Task item → Copy out the listing below exactly, please, and skip any pictures.

Collected material →
----------
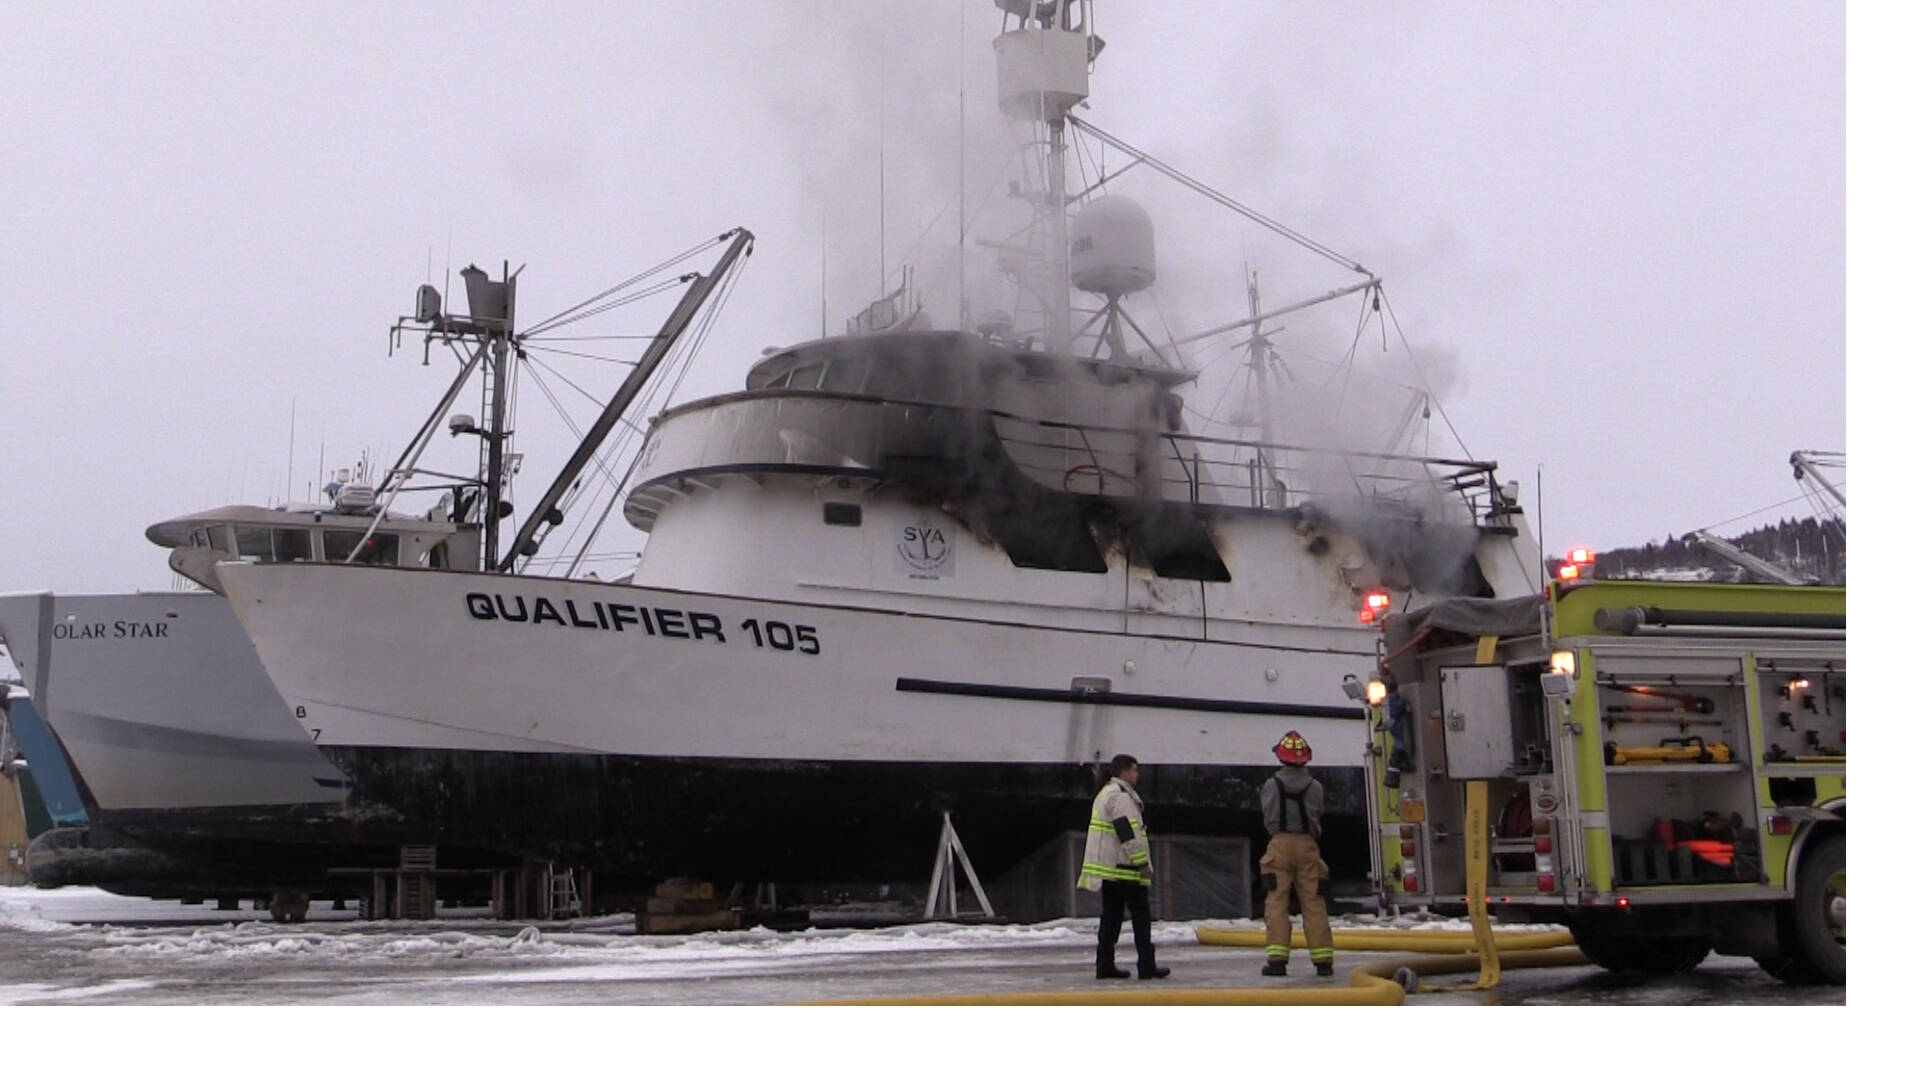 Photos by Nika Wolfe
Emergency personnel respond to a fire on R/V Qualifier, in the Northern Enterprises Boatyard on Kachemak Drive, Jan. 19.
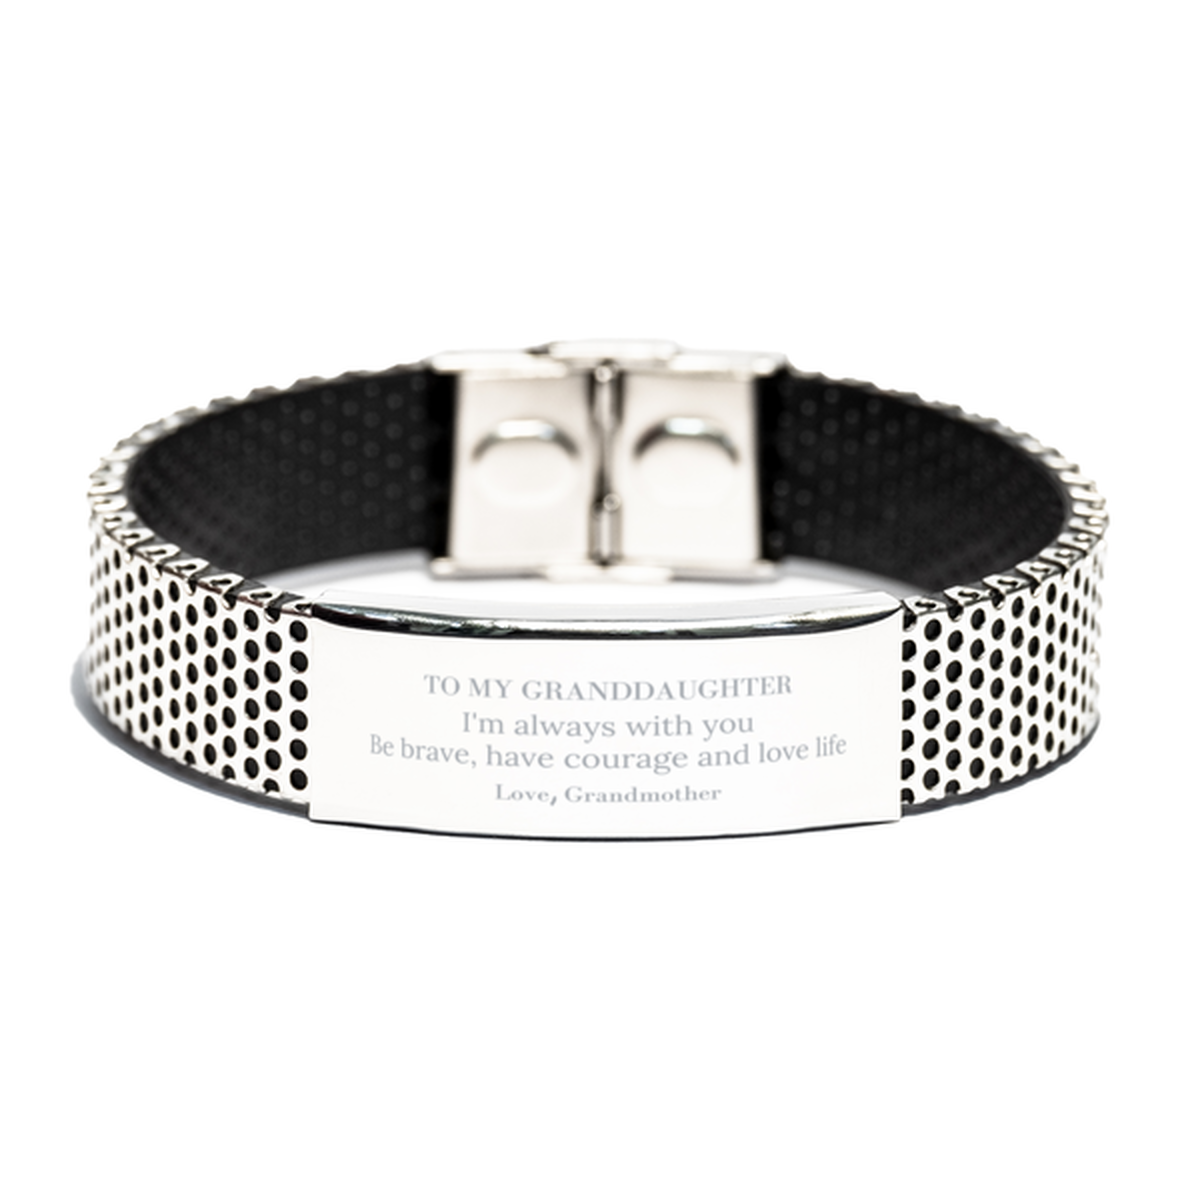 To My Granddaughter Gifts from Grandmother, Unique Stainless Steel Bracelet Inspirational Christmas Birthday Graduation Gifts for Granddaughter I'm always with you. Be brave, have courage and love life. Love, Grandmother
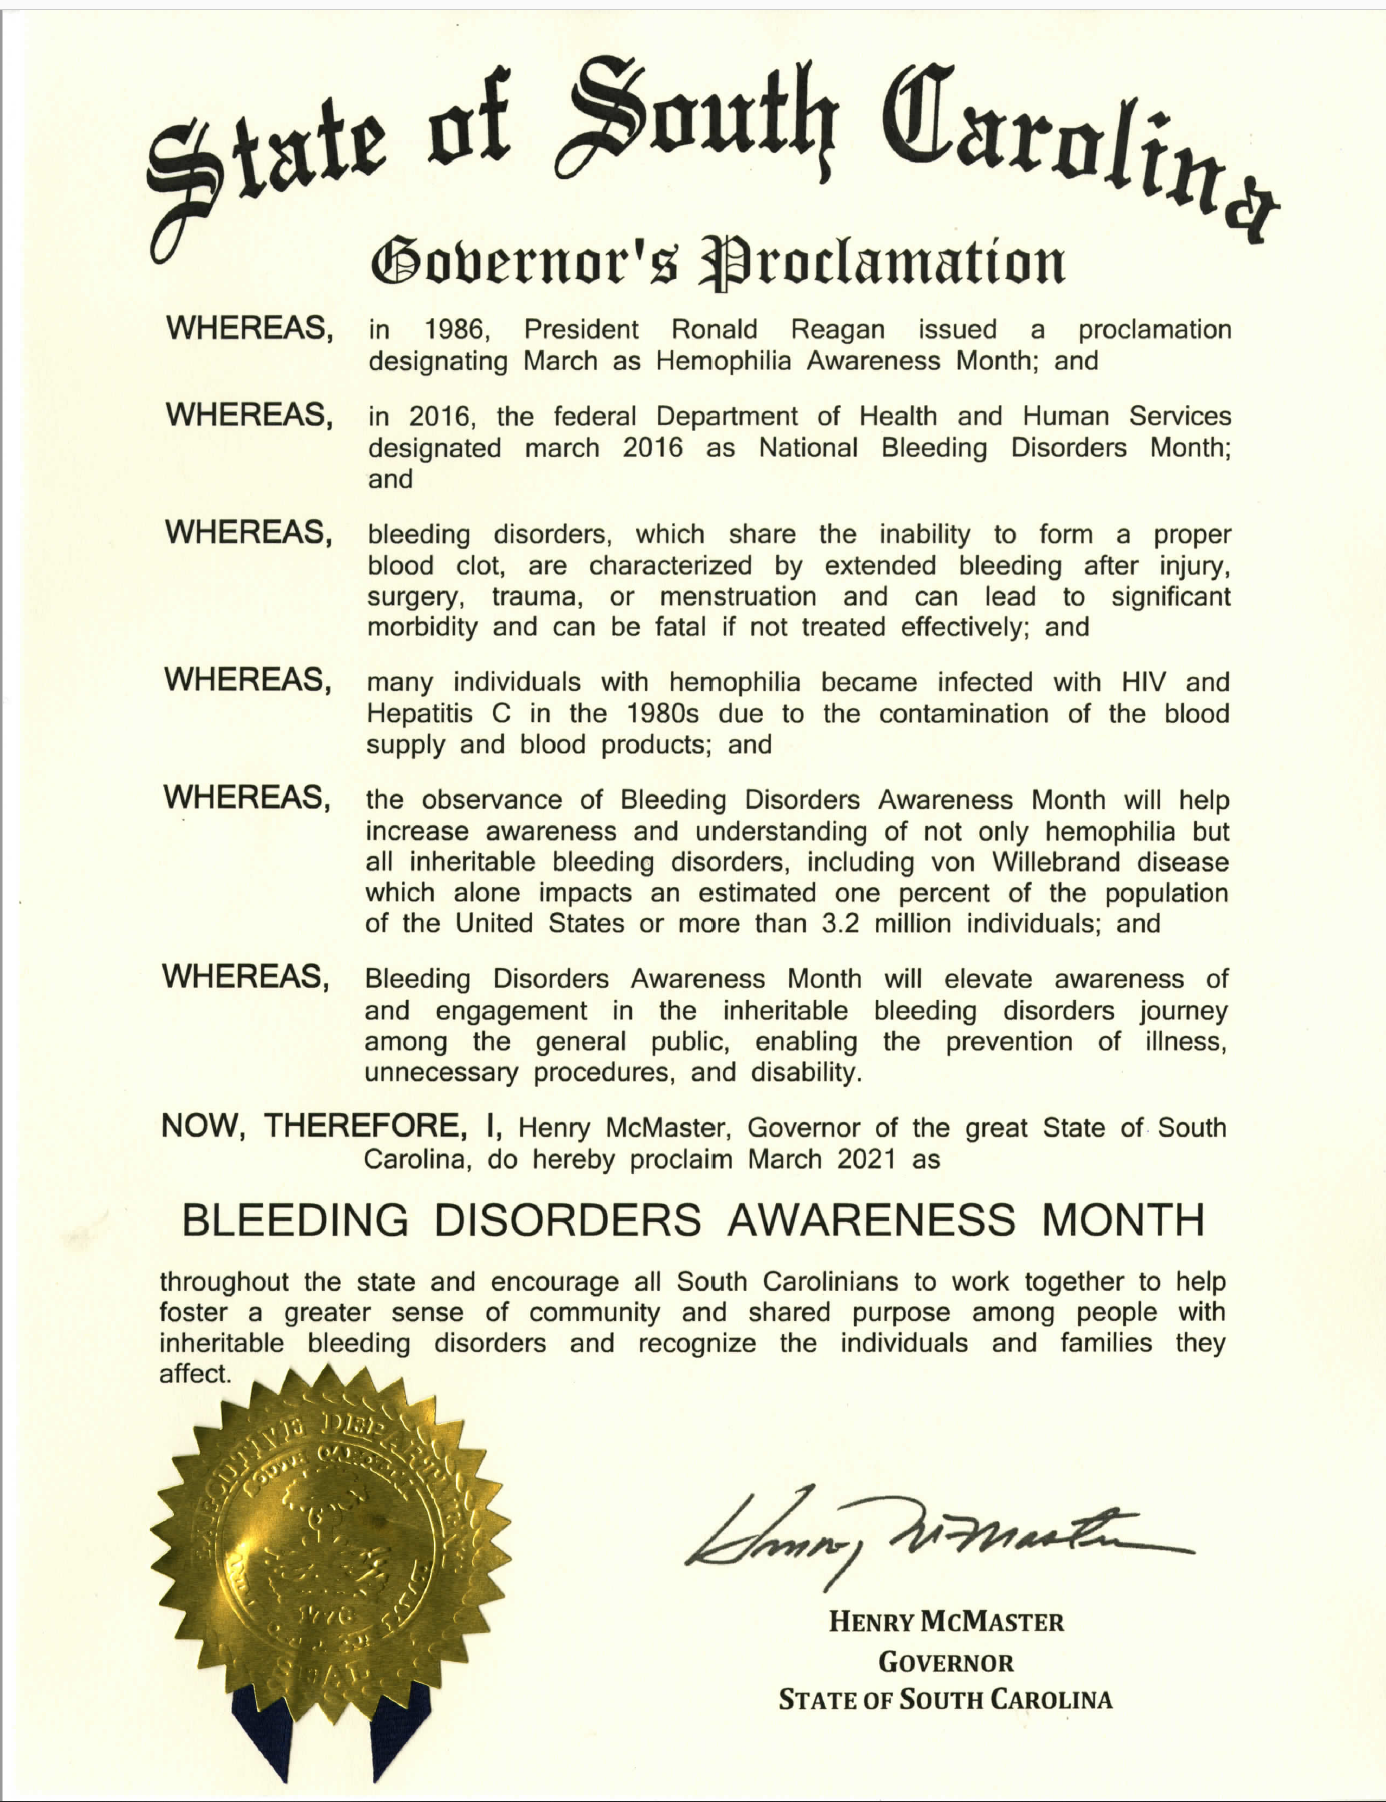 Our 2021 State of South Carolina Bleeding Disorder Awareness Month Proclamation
----------
Problem solution →
 Photos by Nika Wolfe
Emergency personnel respond to a fire on R/V Qualifier, in the Northern Enterprises Boatyard on Kachemak Drive, Jan. 19.
 To My Granddaughter Gifts from Grandmother, Unique Stainless Steel Bracelet Inspirational Christmas Birthday Graduation Gifts for Granddaughter I'm always with you. Be brave, have courage and love life. Love, Grandmother
 Our 2021 State of South Carolina Bleeding Disorder Awareness Month Proclamation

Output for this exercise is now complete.